Guerrillas Turned Gamekeepers On A Day Of Hope

Published 8 years ago
Guerrillas Turned Gamekeepers On A Day Of Hope

It was the best of times. It was a time when anything seemed possible; a time when hope blew through the tall blue gum trees like the gentle autumn breeze that wafted us along the road. We were on our way to a military base – a place where you don’t usually look for silver linings. Maybe we were just younger and the world looked better.

It was April 1994 and behind the barbed wire and automatic weapons of this army base in Harare, the capital of Zimbabwe, there was a story that could have gladdened the heart of anyone sick of war. At this camp one of the symbolic last rites were going to be said over one of the nastier running wars of sub-Saharan Africa – or was that nastier running sores? At last, the days of surveillance, killings, and torture were over.

By the end of this day, former foes would swap stories of war over a cold beer in a new, unified, South African army; a few days later, on April 27, these soldiers would help make history. They were at polling stations as millions of South Africans lined up across the country to vote in the first delicate democratic elections that would bury nearly 350 years of minority rule.

Advertisement

Hope was in abundance in those crazy days in Harare. It had been the home for many political exiles from South Africa for decades. Furthermore, it seemed to be the last stop-off point for returning exiles in their sneakers and baseball caps.

“I’m going home to run my country,” they would say, in the bars of Harare, in accents more Los Angeles than Langlaagte. Most were well educated and well versed; but I always noticed a little uncertainty in their faces when they spoke of a country many had never seen.

It all seemed so fresh then. The chance of a new start for one of the most tormented countries in Africa; a bountiful country about to throw off the shackles of sanctions and reap the rewards of an avalanche of post-apartheid investment – the rainbow nation in waiting.

This gathering at the army base in Harare paved the way for the historic elections. Soldiers of Umkhonto we Sizwe (MK) – the military wing of the African National Congress and APLA, the army of the Pan Africanist Congress – were preparing for election duty. It was likely to be difficult and dangerous task – as the soldiers drilled in Harare, bombs were going off in Johannesburg. Armed groups of all creeds and colors threatened to hurl South Africa into a civil war. The elections threatened to be a bloodbath.

Advertisement

Many thought it was too late to train troops for an election days away. That is what I asked the then head of MK, Siphiwe Nyanda, who was to become head of the new South African army and later a cabinet minister.

“We will be ready,” he smiled.

In the ranks on that day were a number of white South African troops who were going to have to fall in, in the new army, with black guerrilla fighters they once had been paid to kill.

“As long as they can reject their racism, we can work together,” said one of the battle-hardened guerrillas of his new white comrades.

Advertisement

Then there was the training. Military instructors spent hours instructing the former guerrillas how to thwart the very incursions and bombings that they had been carrying out for decades. Everyone was enthusiastic with one eye on a brighter future as poachers enthusiastically turned gamekeepers.

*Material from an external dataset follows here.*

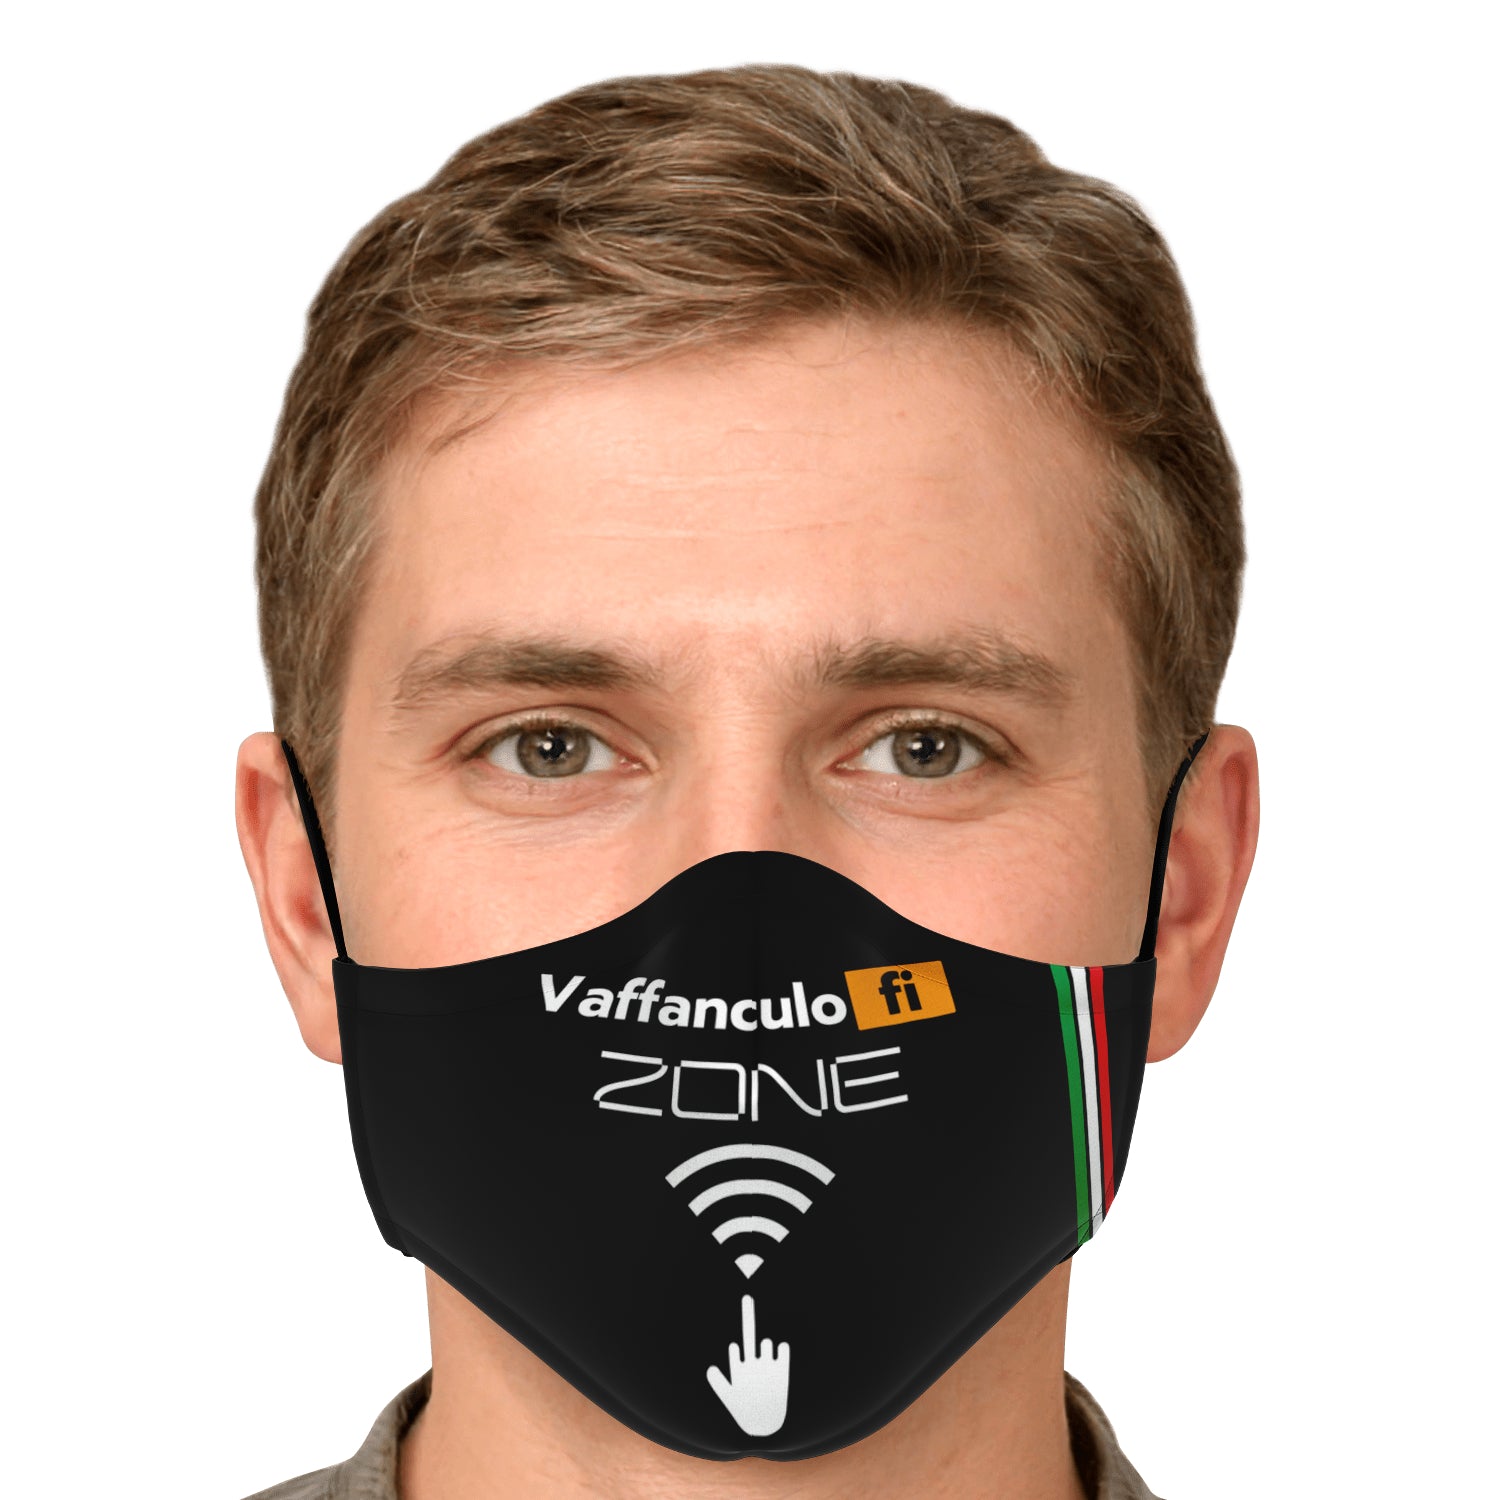 Vaffanculo-Fi Zone Face Mask + 2 PM 2.5 Filters
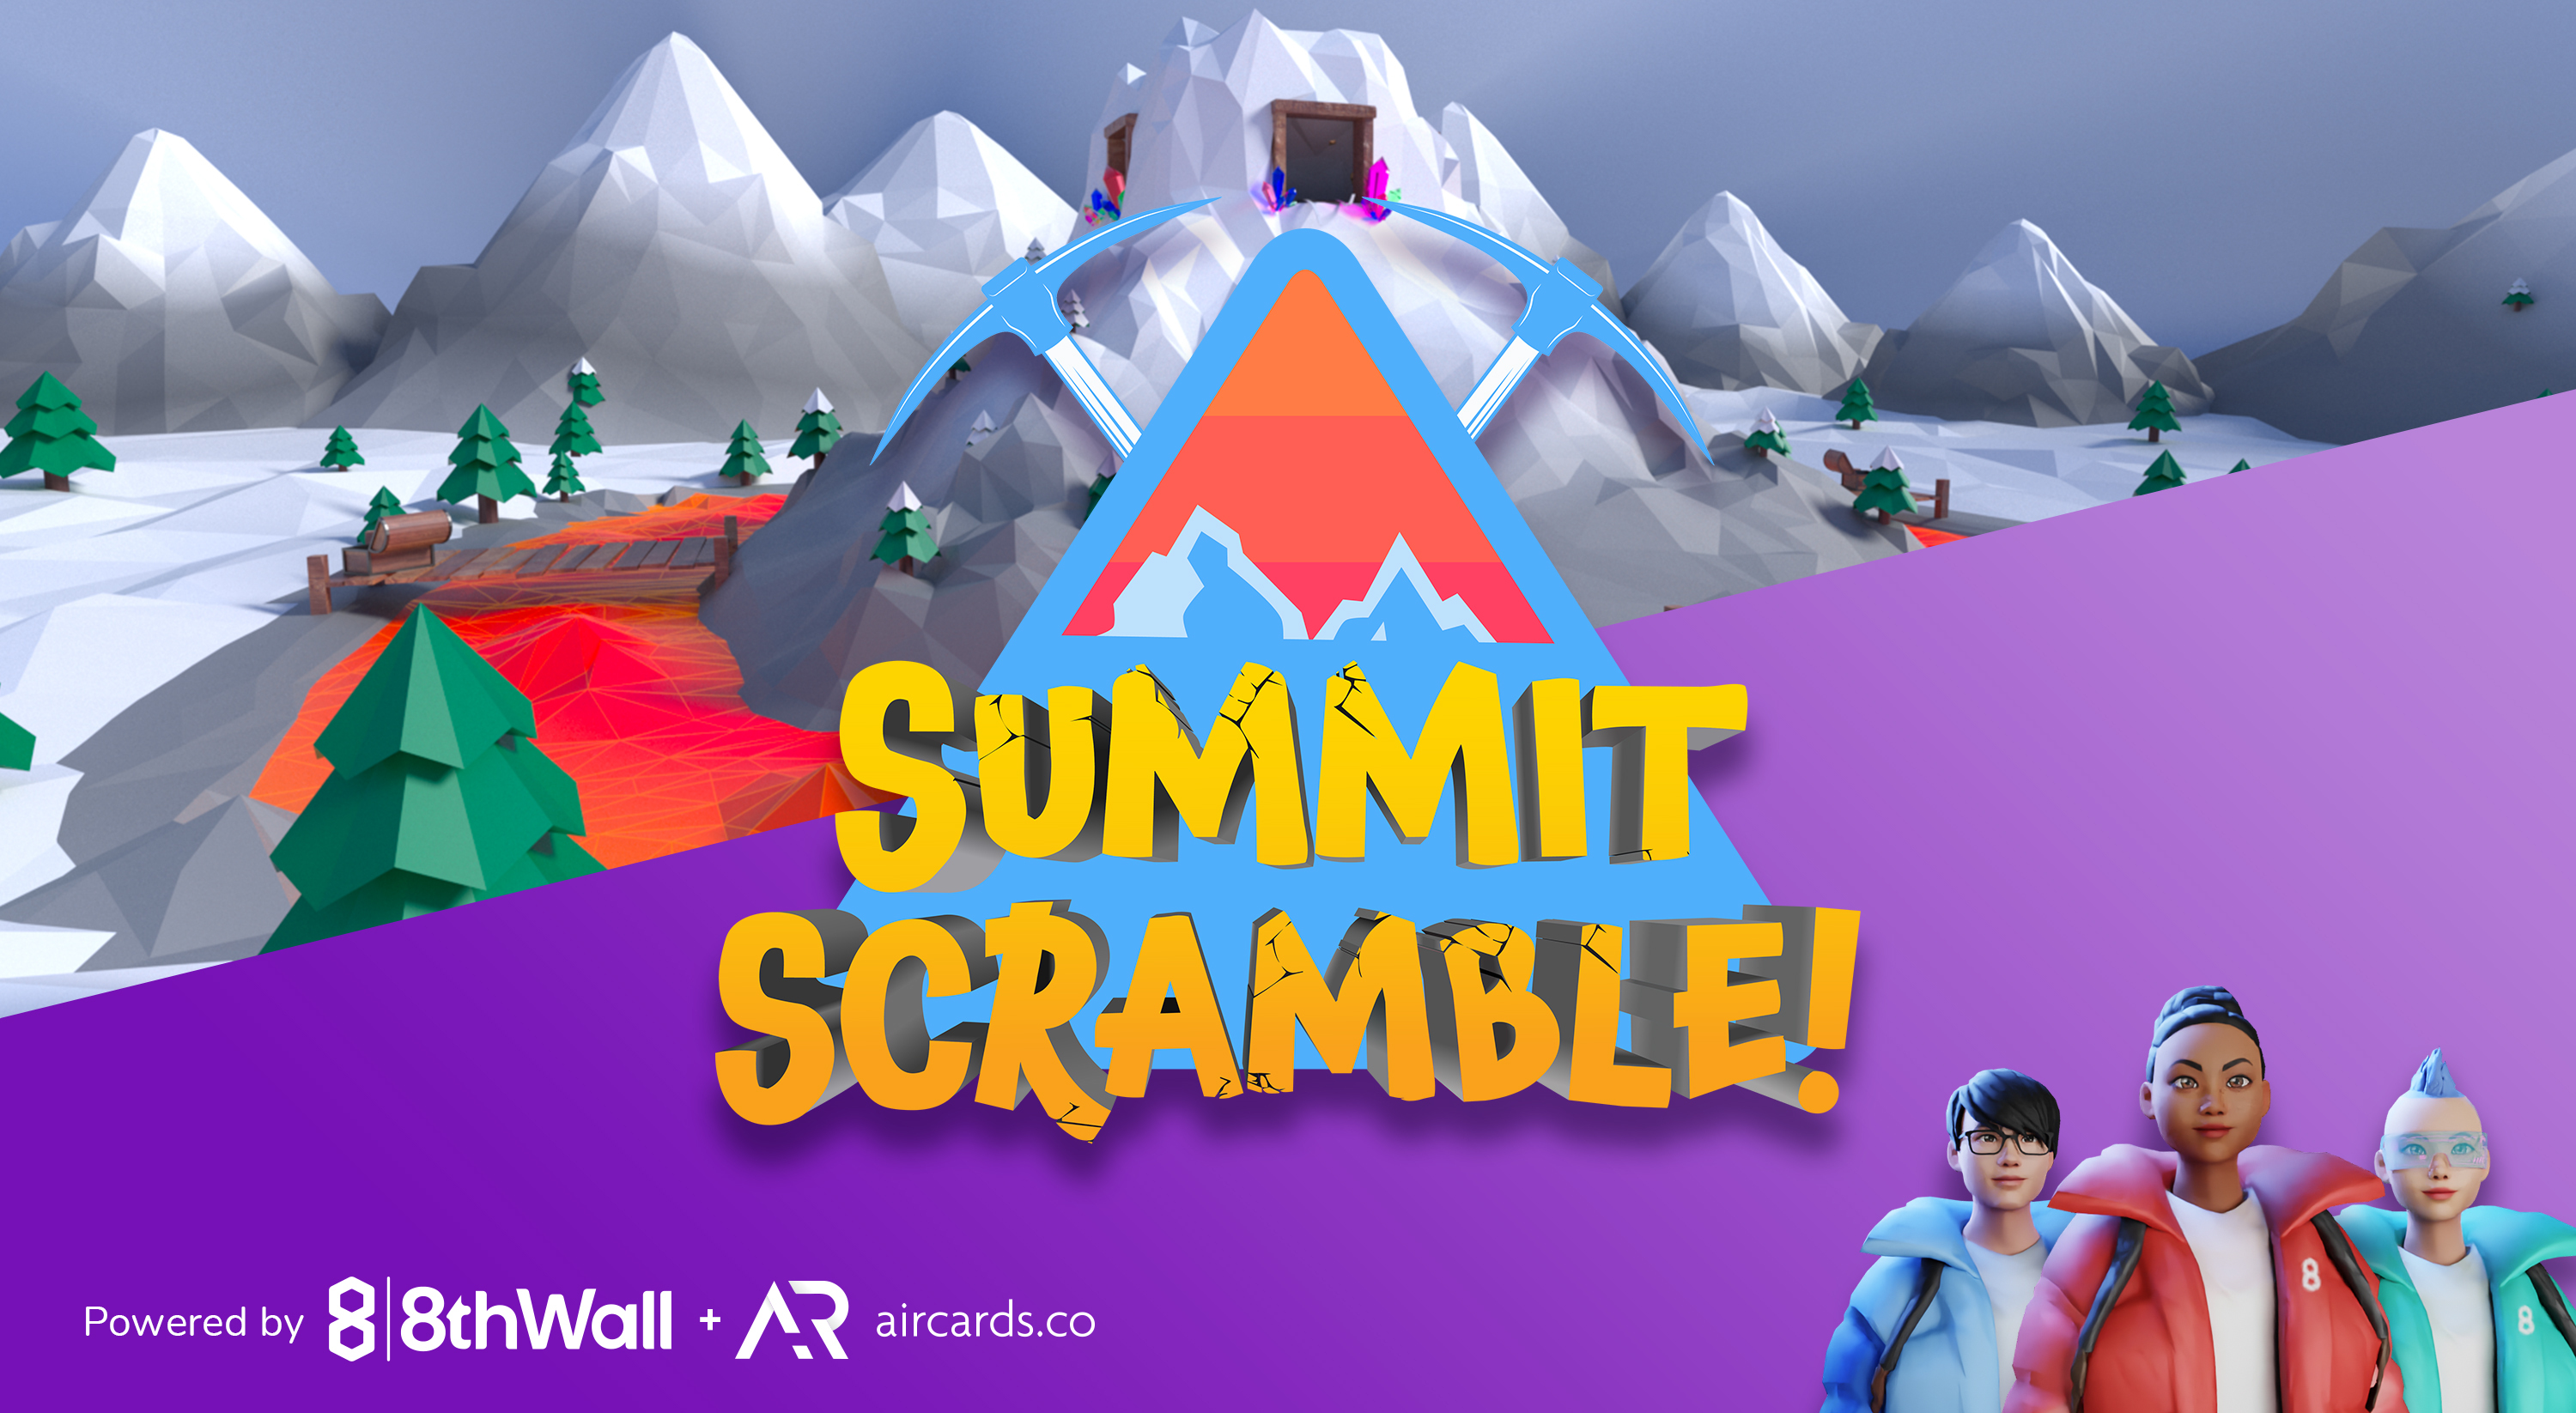 Introducing Summit Scramble, the world’s first immersive cross-platform web game

As the last beers were drained in the golden sunset and the troops climbed onto the back of trucks there was a feeling of camaraderie; almost an end-of-term levity about it. Former foes were to become the midwives of a new democracy.

Days later, we watched the pictures of millions casting their votes for the first time. The soldiers, trained in Harare, were vigilant; it is one of the small miracles of Africa that there was no violence as votes were cast.

On May 10, we watched again as helicopters carrying the new South African flag flew low over the Union Buildings in Pretoria to the cheers of thousands.

Advertisement

“Never, never and never again shall it be that this beautiful land will again experience the oppression of one by another and suffer the indignity of being the skunk of the world,” Nelson Mandela said to the world.

As we all watched with broad smiles, Norman Mahaja, our sound recordist on the Harare military base story, brought us crashing down to earth.

“I want to go down south and earn the rand now,” he said.

“Why?”

Advertisement

“Before it becomes like the Zimbabwe dollar.”